When I turned towards Tioka again I saw that his eyes were open and fixed upon me. I fell on my knees beside him and whispered wildly: “Darling, darling, I will not let you die. No, my soul, my own, I will save you. You shall get well again and run out and play in the sunshine.... The other one shall die—but not you, not you! Now you will get well immediately. Are you not better already, my love, my own? Are you not better already?”

And my boy, cradled in my arms, smiled faintly as my soft wild whispers lulled him to sleep.

This idea now took possession of my brain, to the exclusion of all others. I thought and dreamed of nothing else. Tioka had scarlet fever and the fluctuations in his illness seemed to depend solely upon me. When I told myself that I was firmly, irrevocably resolved to compass the death of Kamarowsky, the child's fever seemed to abate, his throat was less inflamed, the pains in his head diminished. But if, as I grew calmer and clung to hope again, I hesitated in my ruthless purpose, lo! the fever seized him anew, the rushing trains went thundering over his temples, and his tender throat swelled until he could hardly draw his breath.

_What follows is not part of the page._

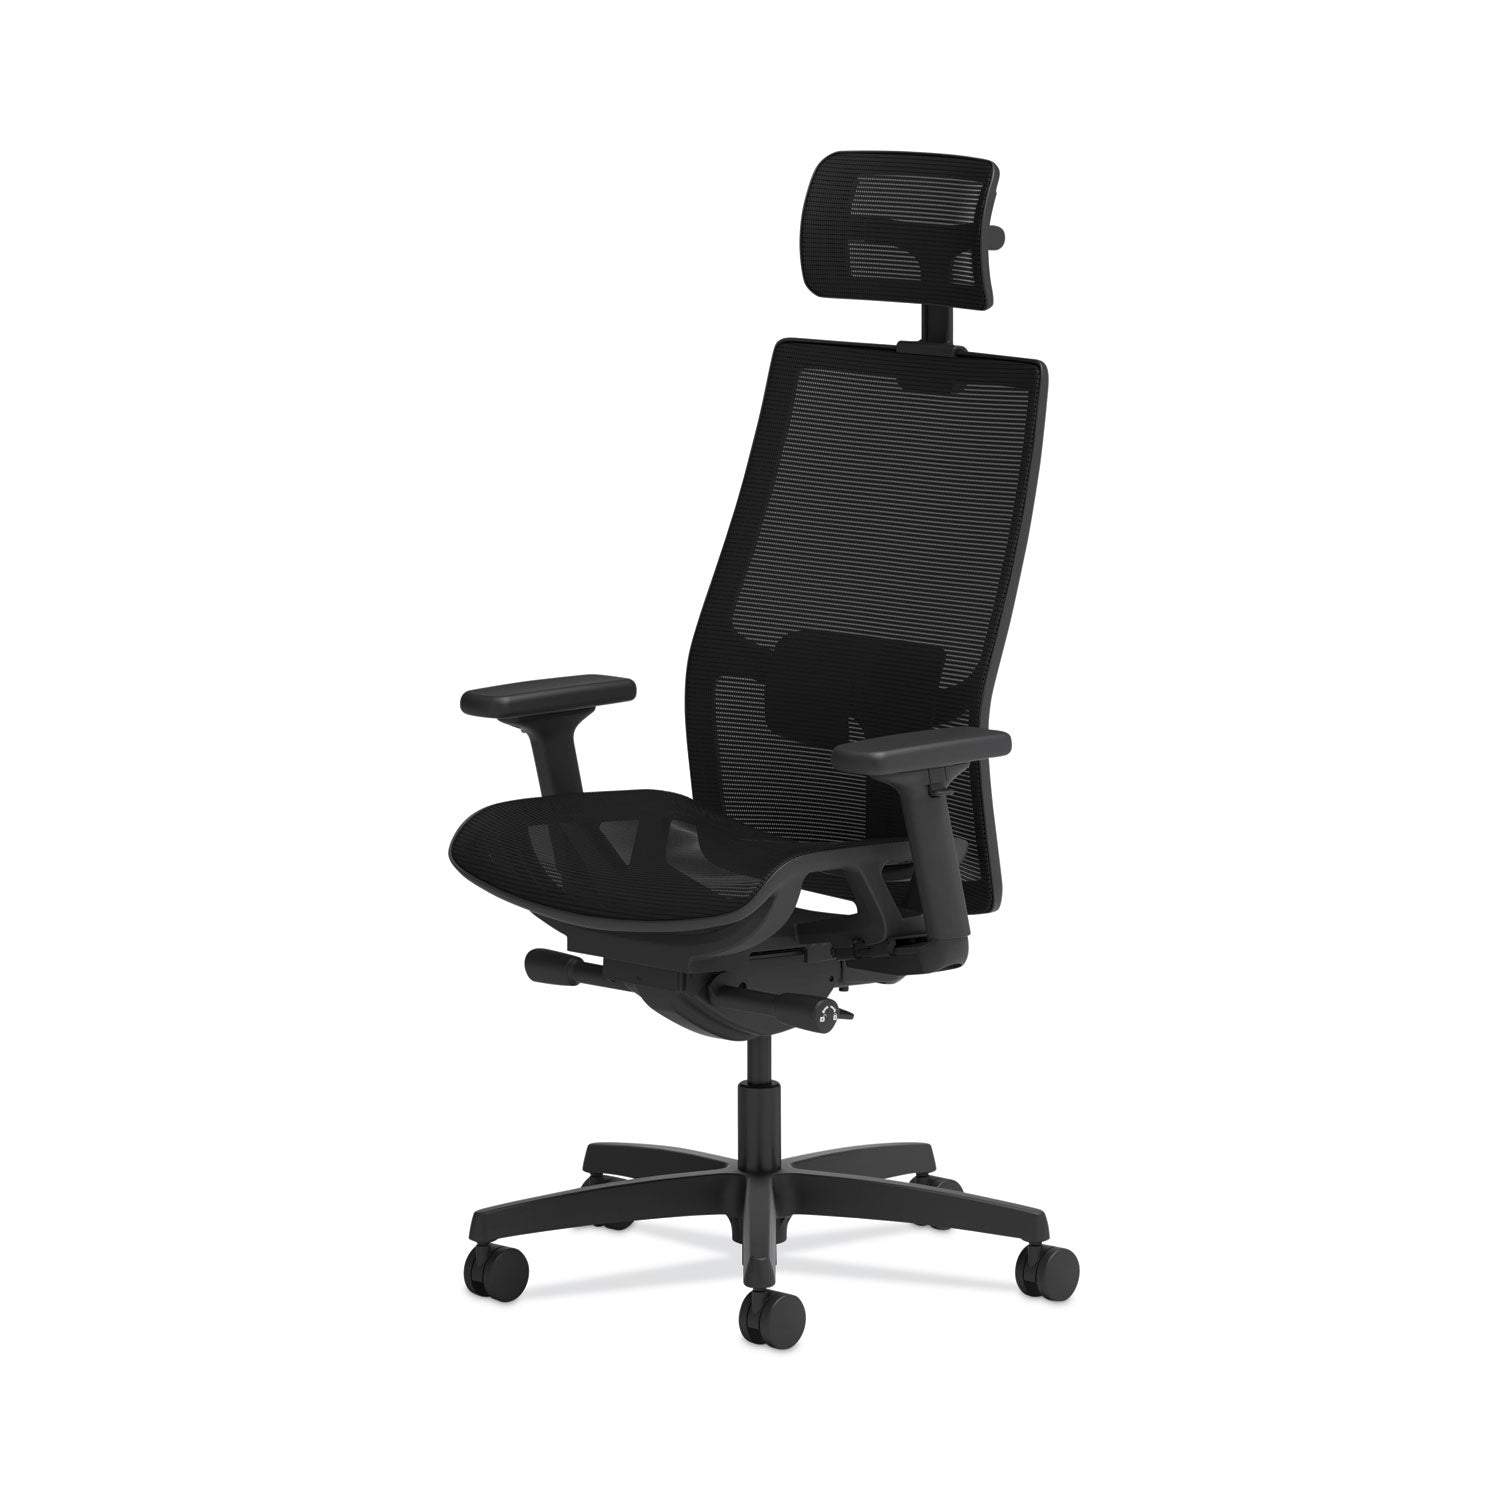 ignition-20-4-way-stretch-mesh-back-and-seat-task-chair-supports-up-to-300-lb-17-to-21-seat-black-seat-black-base_honi2msky2imthr - 2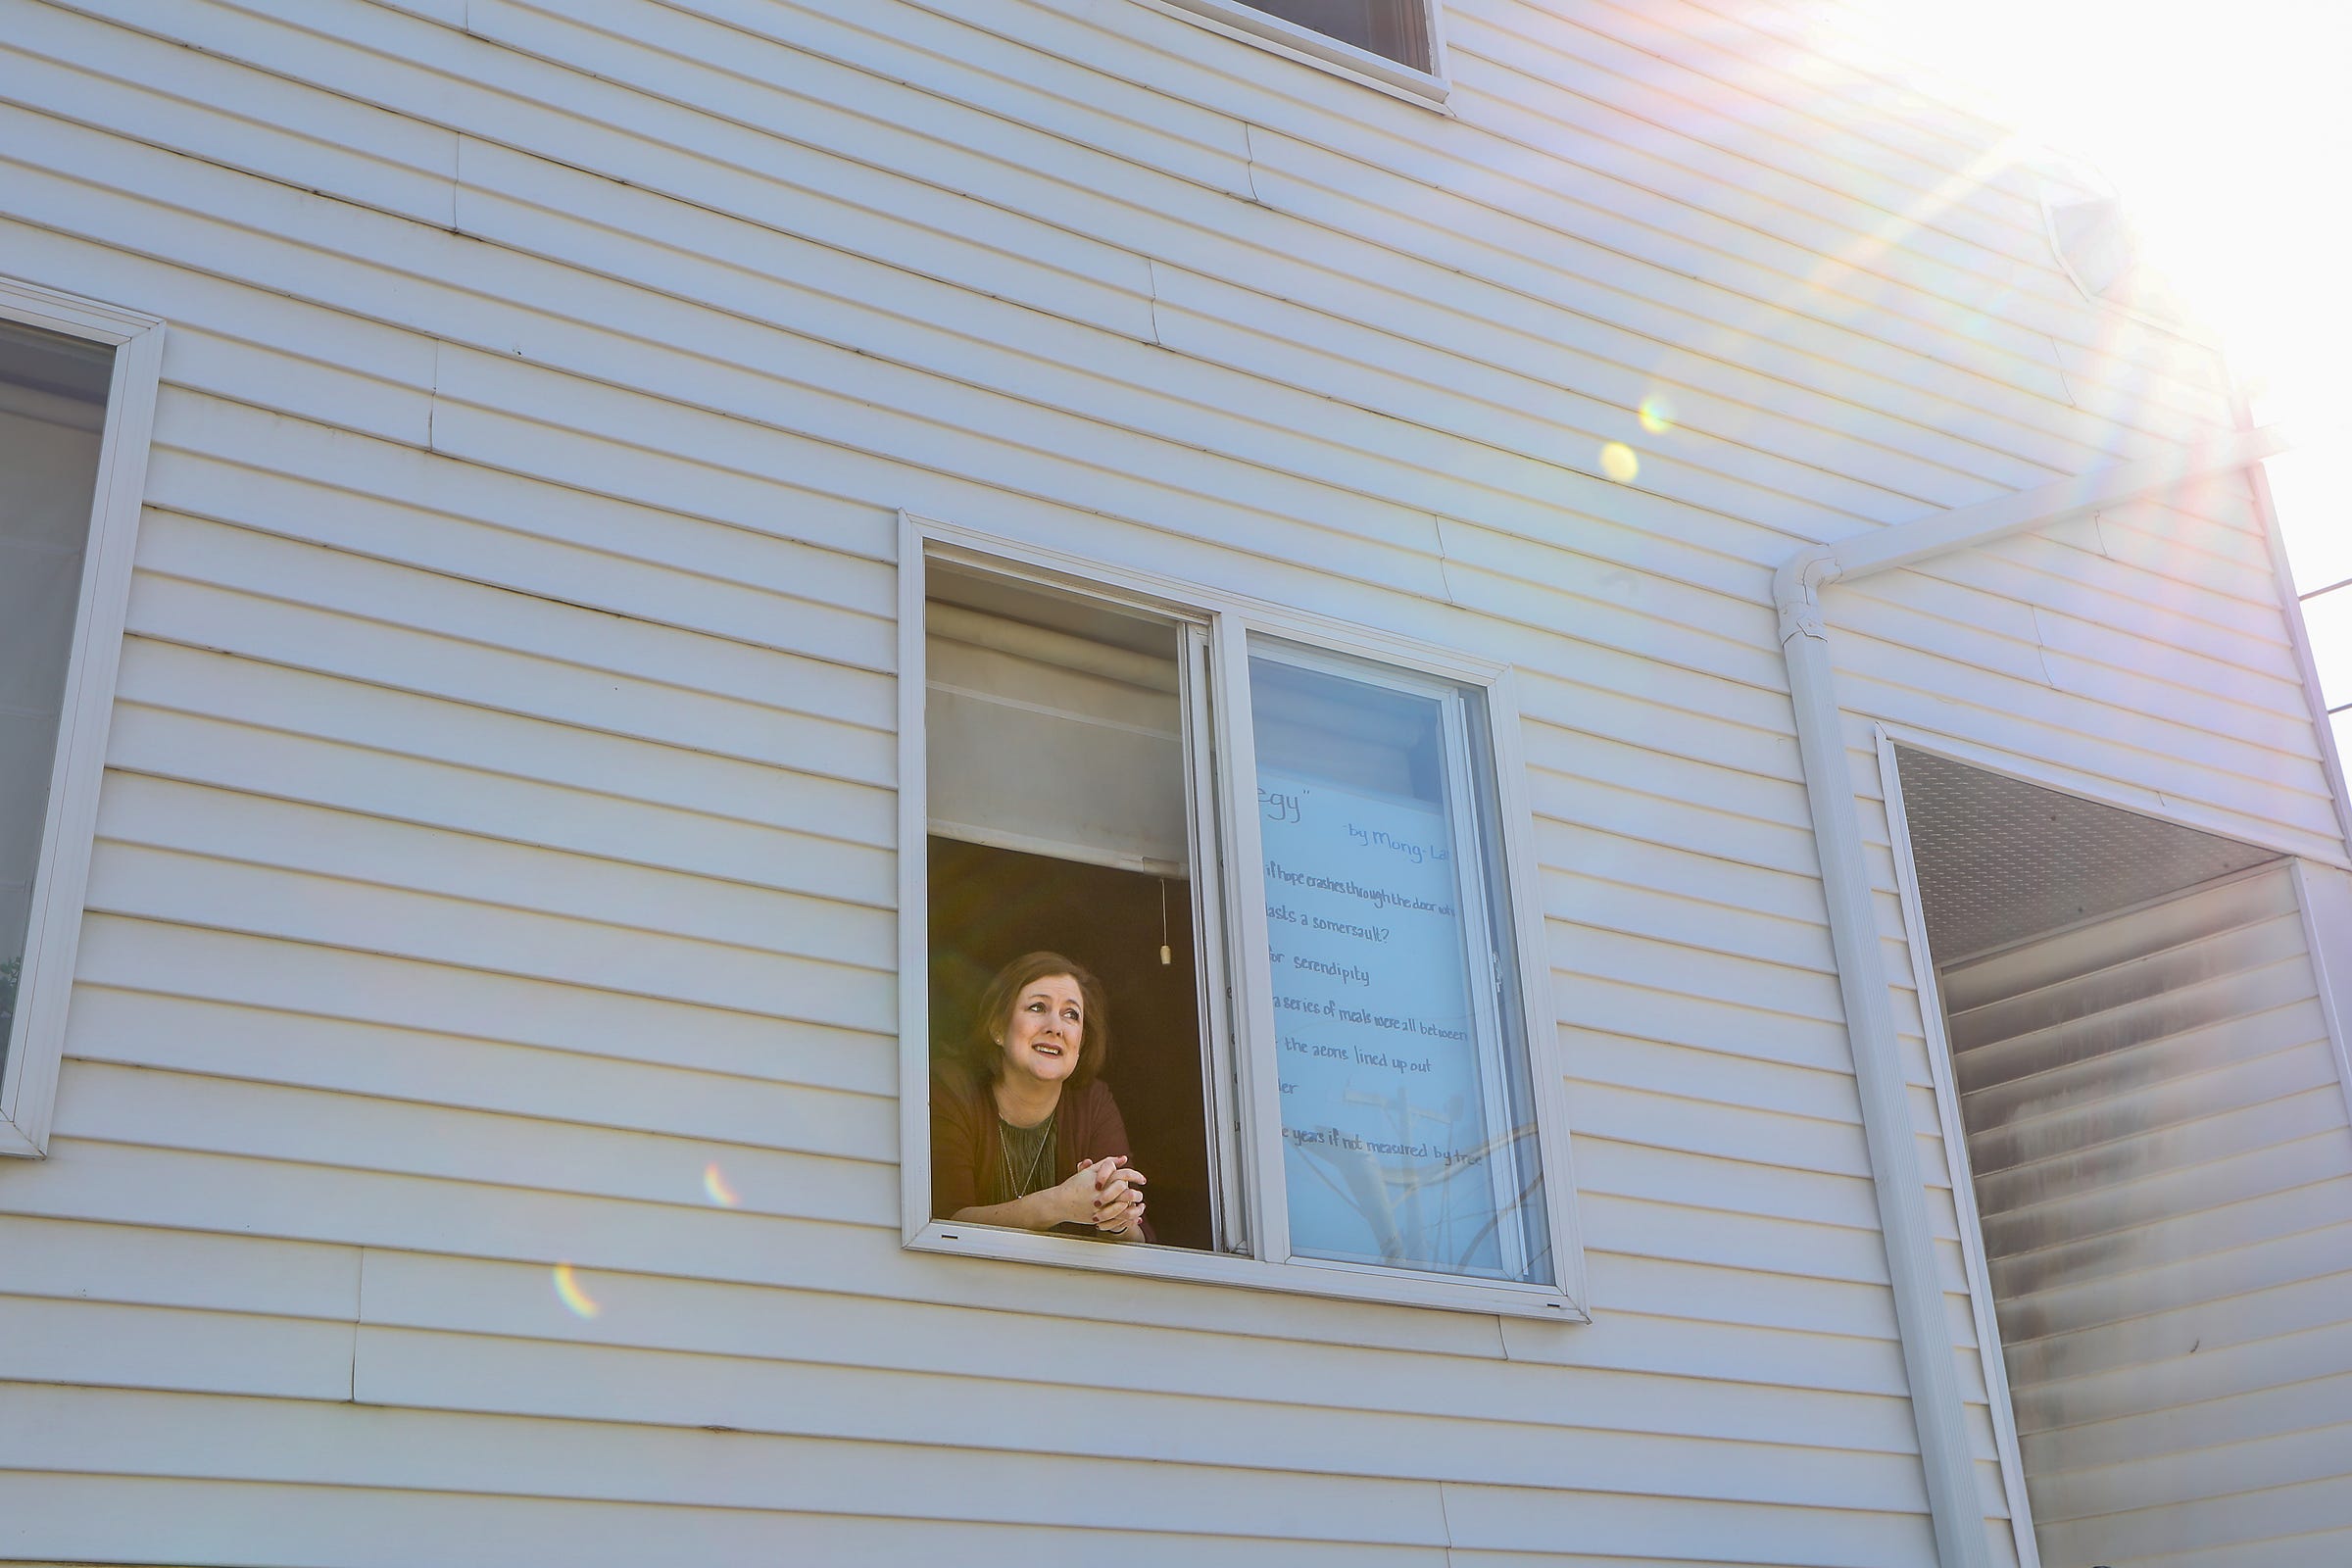 Every day, Mickey Lyons, 46, of Hamtramck writes a poem in the window of her home to celebrate National Poetry Month. “There have been other times when the world went through a tough period,” says Lyons. “We’re not alone even though we may be isolated.”

Prilukoff followed the oscillations of my distracted spirit with weary resignation; he was benumbed and apathetic, without mind and without will. When in the fixity of my mania I insisted upon the necessity of the crime, he would answer languidly: “Oh, no. Leave it alone. Let things be.”

Then I grew more and more frenzied, weeping and tearing my hair.

“Can you not understand that Tioka is dying? Tioka, my little Tioka is dying! And it is we who are killing him.”

“No, no,” sighed Prilukoff. “Let things alone.”

Tioka grew worse.

A day came when he could not see me or hear me—when he lay quite still with scarcely flickering breath. Then I rose as one in a dream. I went to Prilukoff's room.

He sat listlessly by the window, smoking. I seized him by the arm.

“Donat Prilukoff, I renew my oath. Paul Kamarowsky shall die within this year!”

“All right, all right!” grumbled Prilukoff, wearied to exhaustion by my constant changes of mood. “Let us finish him once for all, and have done with it.”

I gasped. “Where? When? Is it you who will—”

Prilukoff raised his long, languid eyes. “Whatever you like,” he said. Then he added in a spent voice: “I am very tired.”

And it was I who urged him, who pushed him on, who hurried him to think out and shape our plans. He was languid and inert. Sometimes he would look dully at me and say: “What a terrible woman you are.” But I thought only of Tioka, and my eager and murderous frenzy increased.

And behold! Tioka got better. This chance coincidence assumed in my diseased brain the character of a direct answer from heaven. The sacrifice had been accepted!

A year later, when I stood before the judges who were to sentence me, no word of this delusion passed my lips. Demented though I was, I knew myself to be demented; I knew that this idea of a barter with heaven was an insensate idea; and yet, by some fallacy of my hallucinated brain, I believed—do I not even now believe it?—that my vow had been heard, that my word must be kept, that one life must be bought with the other.

Even so, better, far better would it have been to let my child's white soul flutter heavenwards, than to retain it with my blood-stained hand.

But at that time my one thought was to save him, even though for his life, not one, but a thousand others had been immolated.

The day came when I was able to carry him in my arms from his cot to an easy chair beside the window. What a joy was that brief transit! His frail arms were round my neck and his head lay on my shoulder. With slow, lingering steps I went, loth to leave him out of my embrace.

A sweet Italian verse came light and fragrant into my memory:

I thought I bore a flower within my arms…

It was Prilukoff who reminded me with a cynical smile that the vow included also Nicolas Naumoff.

Nicolas Naumoff! I had almost forgotten him. Nicolas Naumoff! Must he, this distant and forgotten stranger, also die?